Who Decides What Art Is Dangerous? We All Do

One-line summary

Institutional decisions about which art to preserve or neglect function as a form of censorship as powerful as any secret society's manifesto.

This essay draws a provocative parallel between a fictional secret society that destroys art and the mundane ways museums, universities, and galleries shape collective memory through budget allocations and curatorial decisions. The author argues that while overt censorship requires a manifesto, subtle institutional erasure operates through quiet neglect and funding priorities. The piece challenges readers to consider what evidence would prove a work 'harmless' and whether we apply such standards to our own preferences.

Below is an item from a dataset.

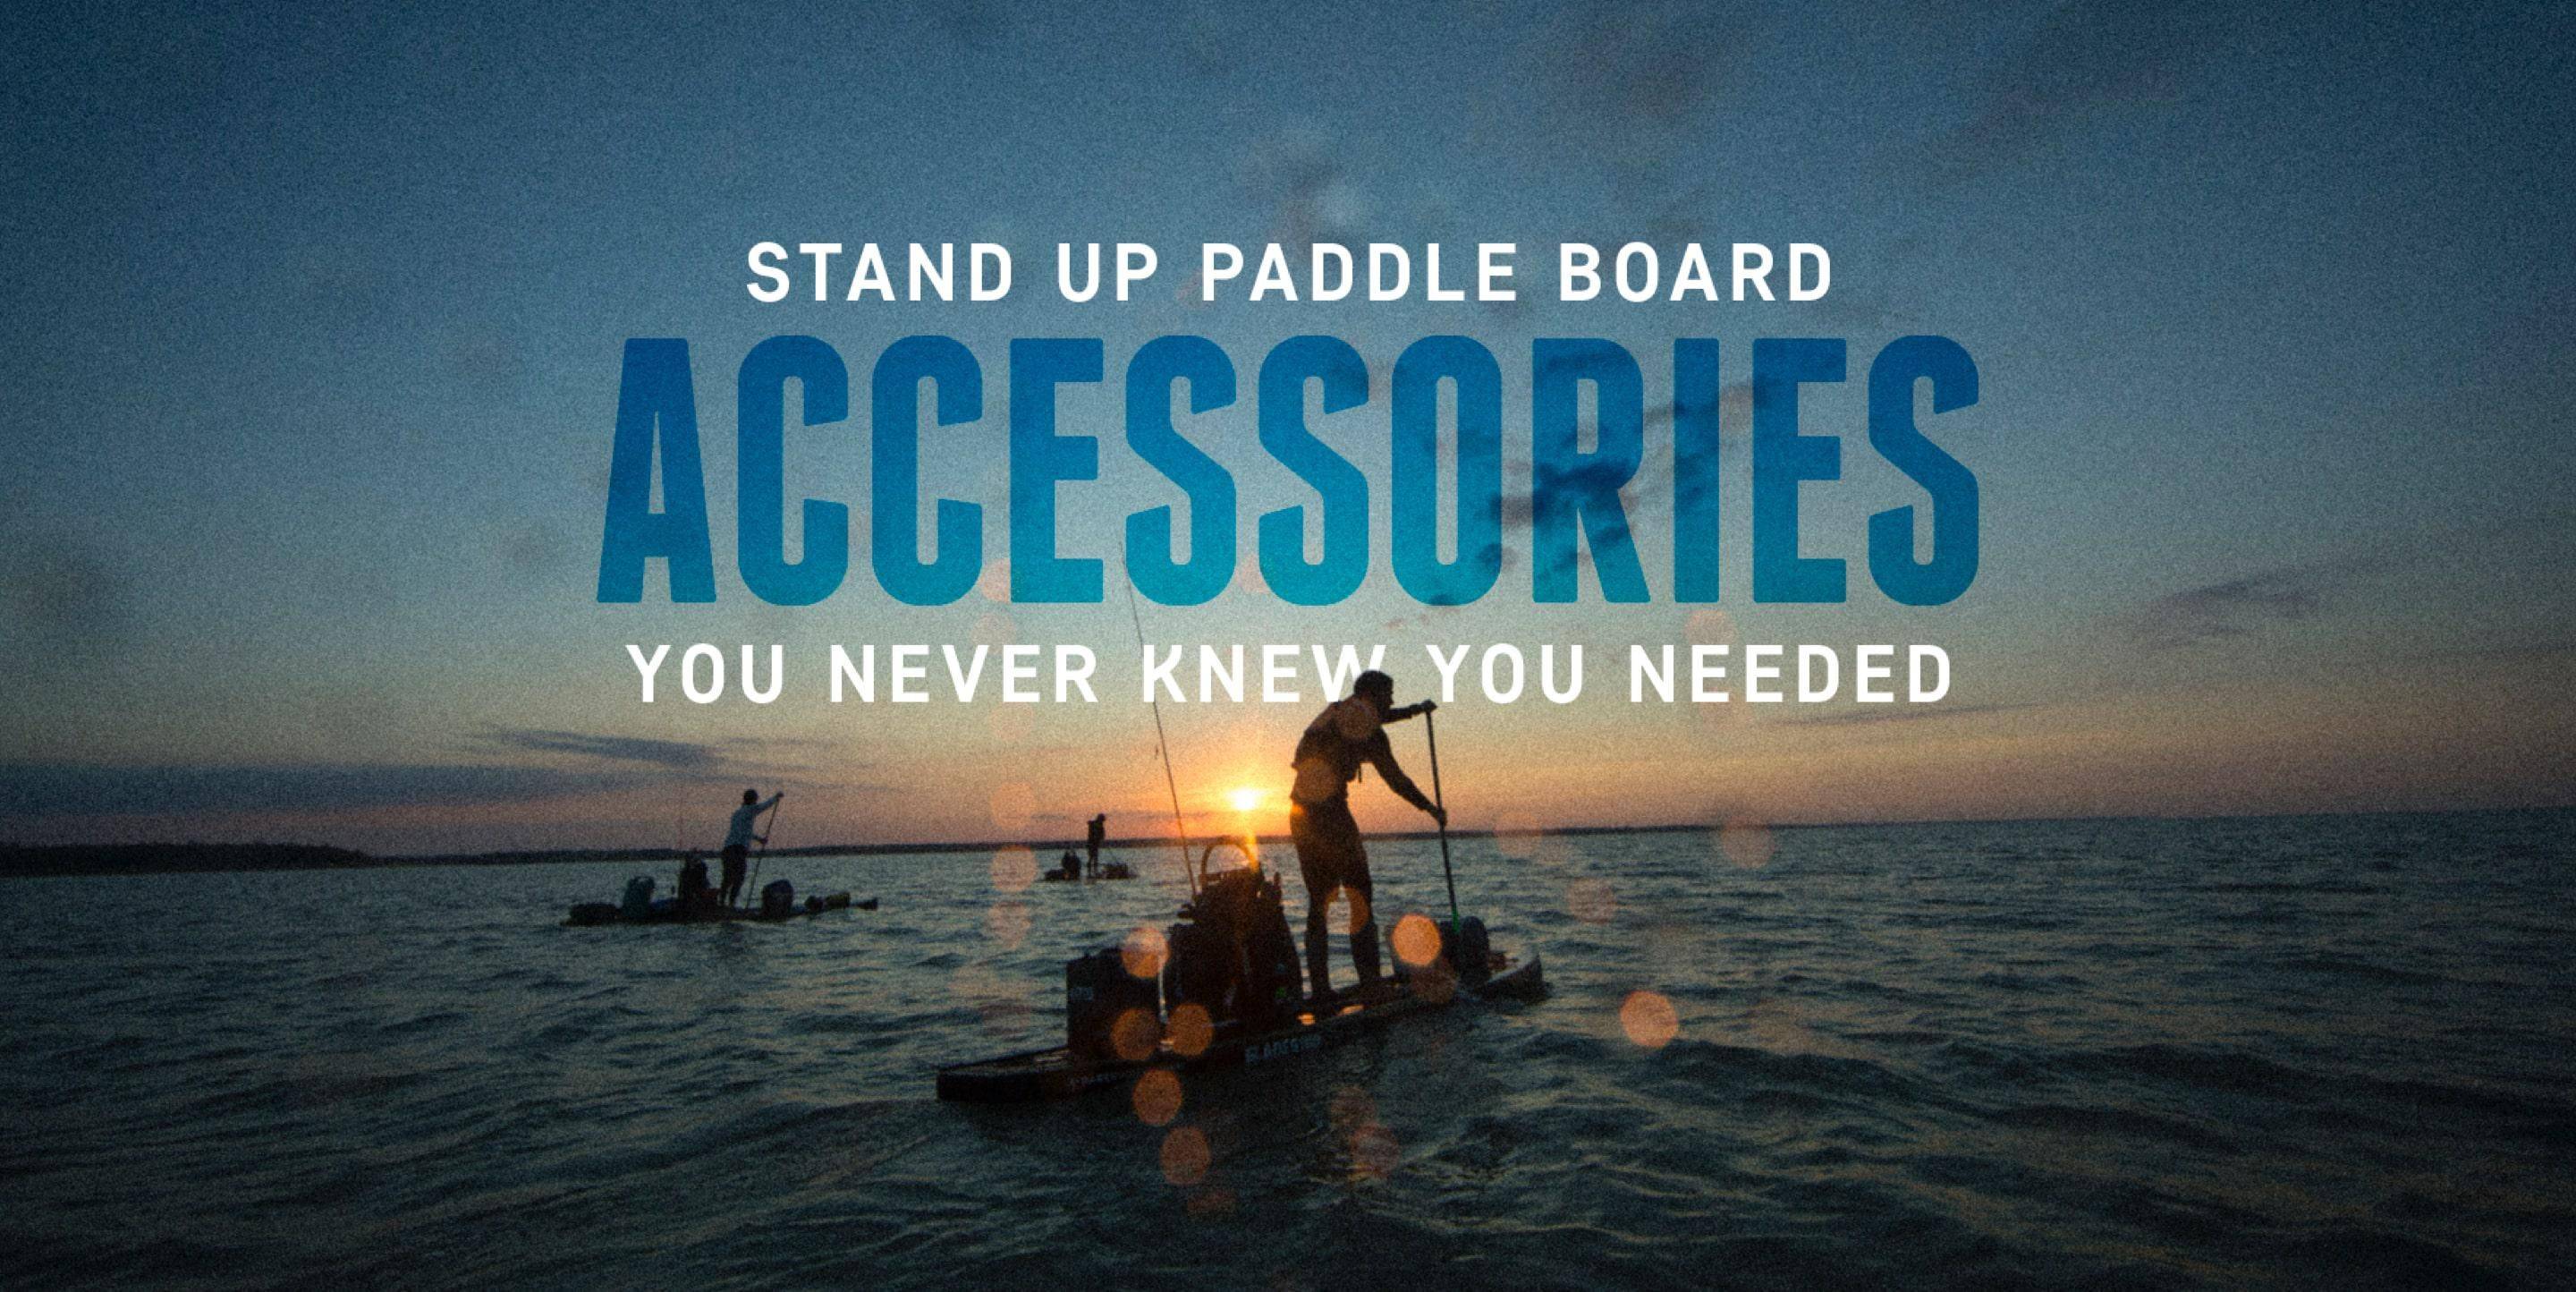 SUP accessories you never knew you needed.

A secret society that destroys art to save humanity makes its logic horrifyingly explicit: some works are too corrupting to survive. We recoil from the violence, yet every syllabus omission, every shifted wall label, every print relegated to basement storage operates on a parallel premise. The censor's erasure is sudden and legible. Ours is gradual, funded by foot traffic and grant cycles. Both are decisions about which sensations future generations will be permitted to encounter, but only one requires a manifesto. The secret society at least had to argue its case; we shape collective memory with budgets and quiet neglect. Who decides what art is dangerous? Perhaps the more demanding inquiry is what evidence we would accept to prove a work harmless, and whether we have ever required that standard of our own preferences.